Так; Академию кончил, стипендиатство кончил, книги забрал, с Осиповым простился, с Ленинградом тоже. Оказался в Рязани. Там я написал эту свою вещь, за которую потом меня тоже честили в антирелигиозной литературе не раз, по крайней мере, о книге Гальбиатти и Пьяцца “Трудные страницы Библии”. Еще что-то такое сделал. Иподиаконствовал. Надо было вовремя поспеть. В одну из первых служб уже стояли шпалерами верующие, иподиаконы, ждали епископа. Но я никак не мог понять, зачем за пятнадцать минут раньше вставать. Я, конечно, пришел в самый раз, уже все стояли, облачился в стихарь, вышел, и тут меня довольно громко отец Виктор Шаповаленков отчитал: “Молодой человек, вы должны приходить вовремя!”. Он был ключарем в Рязанском соборе. Жена его была регентом. Он был строг, но может быть и справедлив был. Во всяком случае, большой душевности у нас не было. Потом он в Подмосковье служил, в Удельной, близко от Быково.
Служил, ездил там в два-три каких-то места, куда архиерей ездил, в глубинку. Все очень мило, но, конечно, далеко от Москвы, двести километров как-никак. Потом решили, что так долго продолжаться не может. Посмотрели по карте с Павлом. Выбрали, что самое ближайшее место за пределами Москвы, по связи удобное — Малоярославец, не так уж далеко. Поехали туда. Он нашел себе квартиру, я нашел себе квартиру. И какое-то время там я жил. В гости друг к другу редко ходили, заняты были. Но создался такой модуль — день на работе, день дома. Раза три в неделю приезжать можно было — это ничего. Это было не так утомительно.

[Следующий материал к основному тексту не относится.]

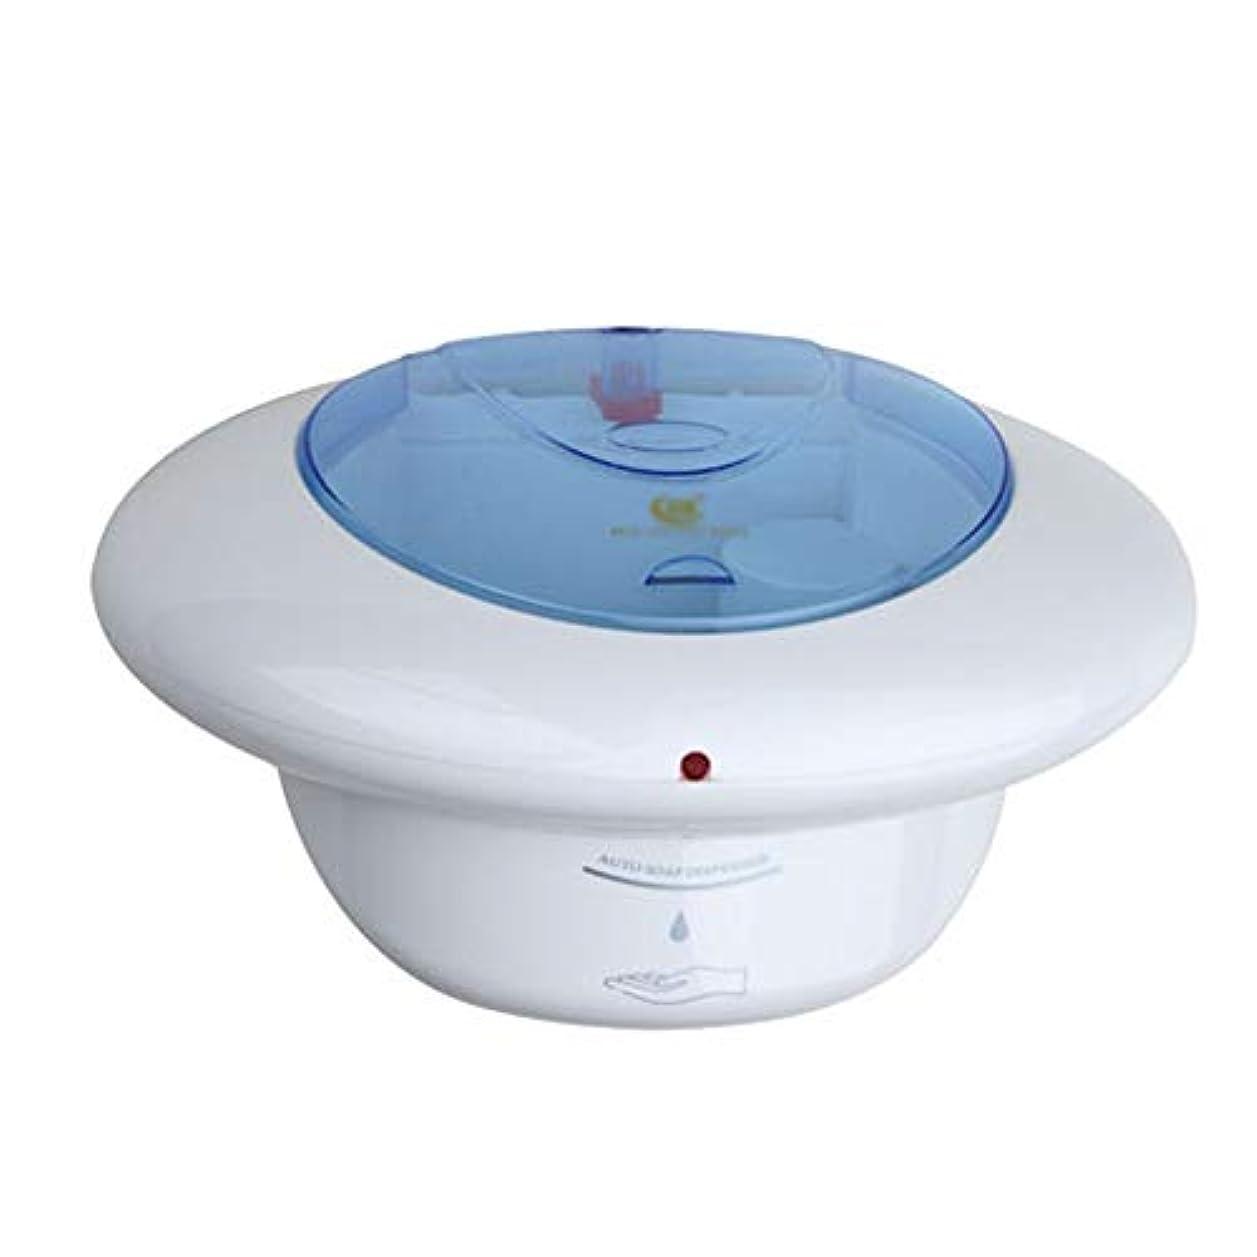 寄生虫ビル壮大なソープディスペンサー 700mlの容量赤外線検出壁掛け自動ソープディスペンサー ハンドソープ 食器用洗剤 キッチン 洗面所などに適用 (Color : White, Size : One size)

Ну, а потом… Потом продолжались всякие визиты непонятных людей. Приходил какой-то тип малоприятный, почему-то он выходил на кухню; это было в первый раз и во второй раз. Потом вызывали меня в какую-то комнату милиции, другой уже человек меня там обрабатывал. Но как-то мы опять не находили общего языка. Через несколько дней ночью я писал статью о Чехословацкой Церкви, о миротворчестве, что-то довольно поздно было, после полуночи, и в маленькие окошки домика, которые выходили на улицу, кто-то начал камни бросать, крепко бросал, долго, пока не разбил оба стекла в двух рамах и еще что-то такое. Но потом это прекратилось. Я понял, что это имеет связь “мистическую”: плата за несговорчивость.